Kadavil Malika is a historic place in India, associated with the origin of the Maramon Convention. It is a house in Kallissery on the banks of River Pamba and was built by Unnittan Kathanar (1767–1852) and his son Abraham Kathanar (1822–1884) also known as Kadavil Achen, in the early 19th century.

By 1877, there were two factions in the Malankara Church, known as Methran Kakshi and Bava Kakshi. By a court verdict on 12 July 1889, Methran Kakshi lost all the properties.

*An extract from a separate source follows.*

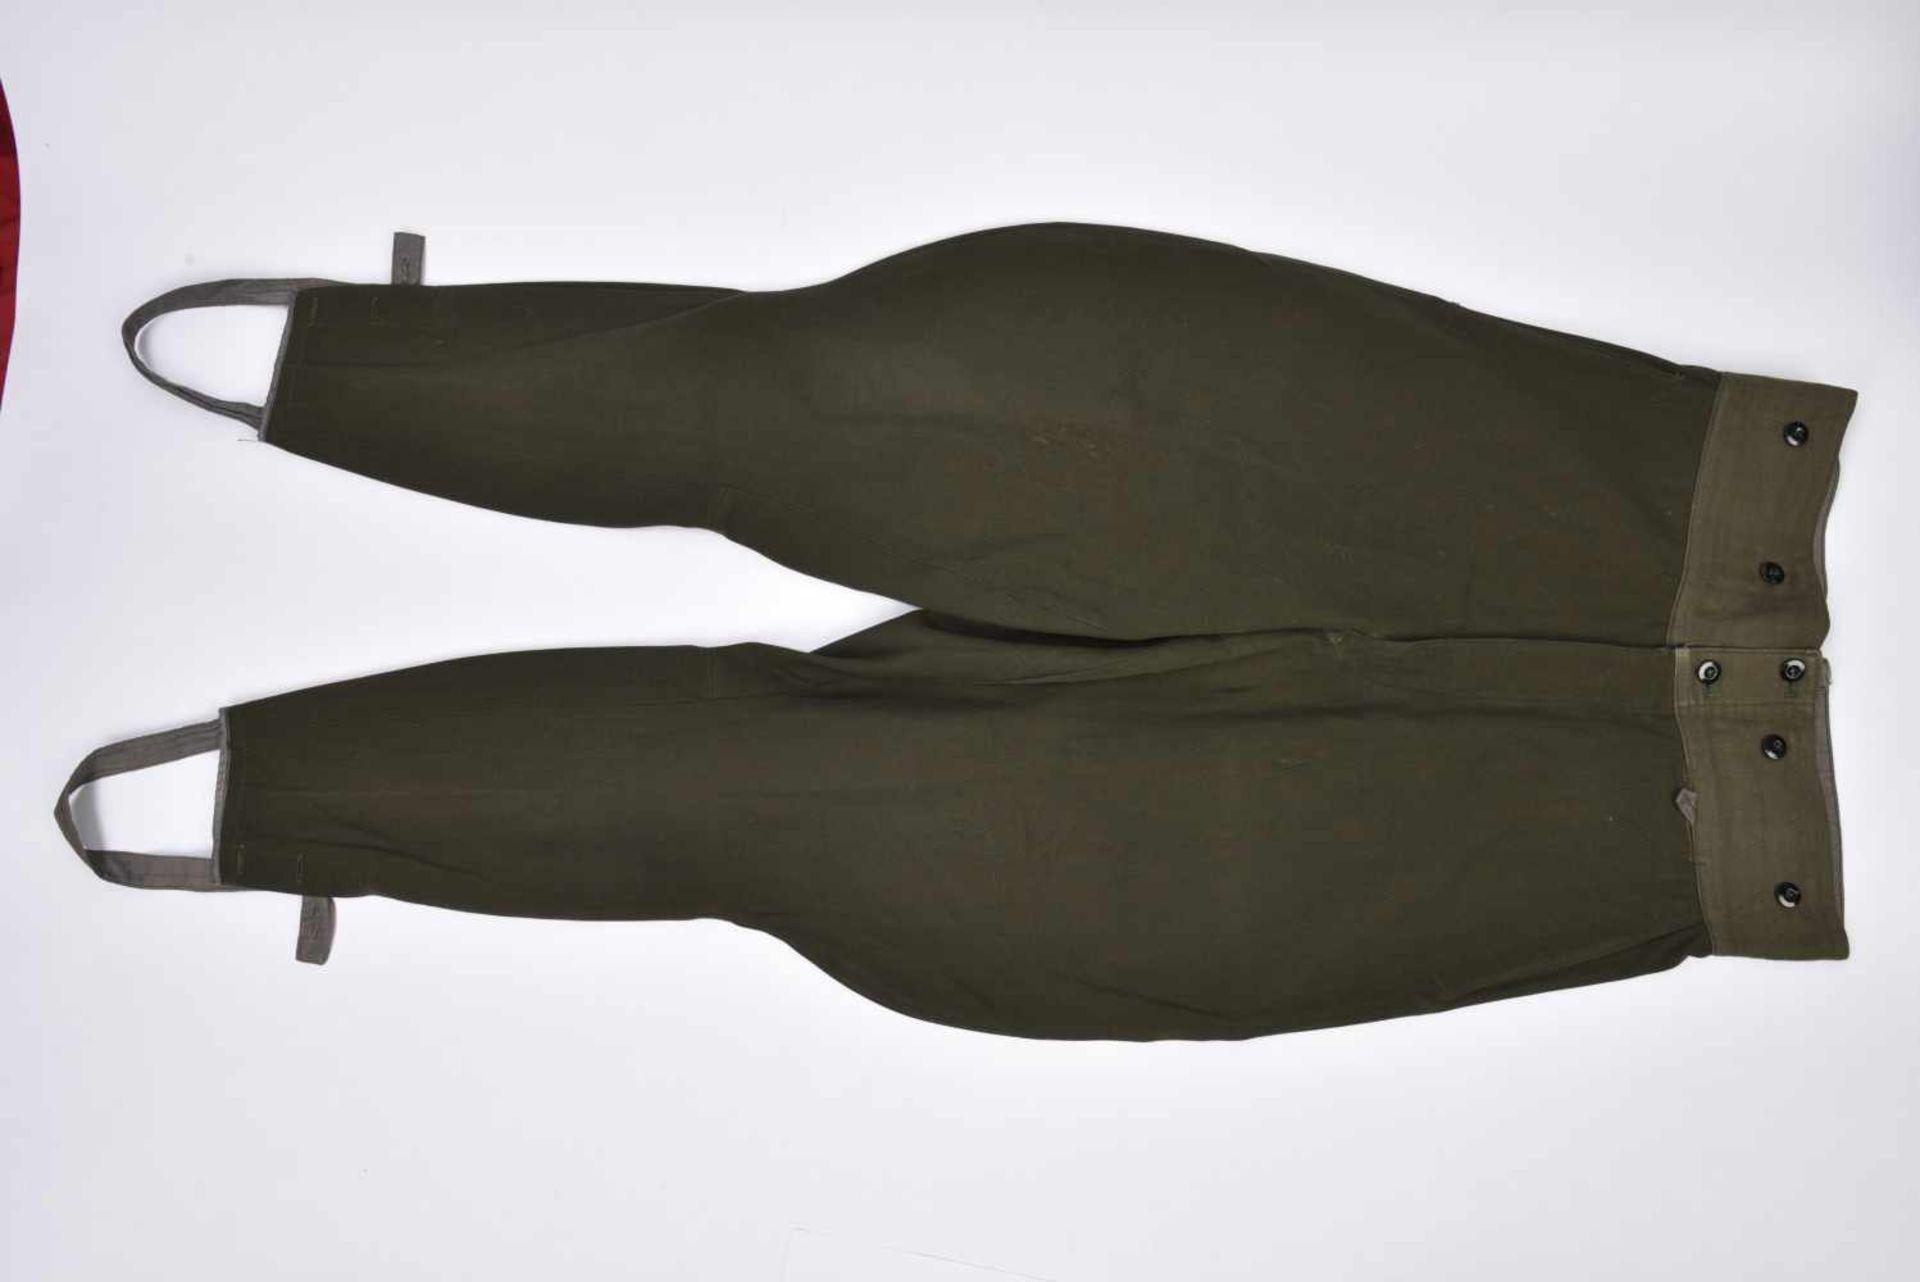 Ensemble NEUF comprenant Gymnasterka M.43 avec poches de poitrine,très belle et culotte. Les deux - Bild 4 aus 4

Just before the verdict was given, on 5 September 1888, 12 members of the Methran Kakshi formed a missionary group called "Mar Thoma Evangelistic Association." This Missionary Movement was started in the wake of the Reformation Movement pioneered by Abraham Malpan, often known as "the Martin Luther of the East". It marked the resurgence of the Ancient Church in Kerala and has given new life and inspiration for the total renewal and mission of the Marthoma church.

The 12 founding members met at Kadavil Malika, the house of Chempakassseril Kadavil Mathuchen (1860–1897) and Chempakasseril Kadavil Abraham (sons of Abraham Kathanar and grandsons of Unnithan Kathanar).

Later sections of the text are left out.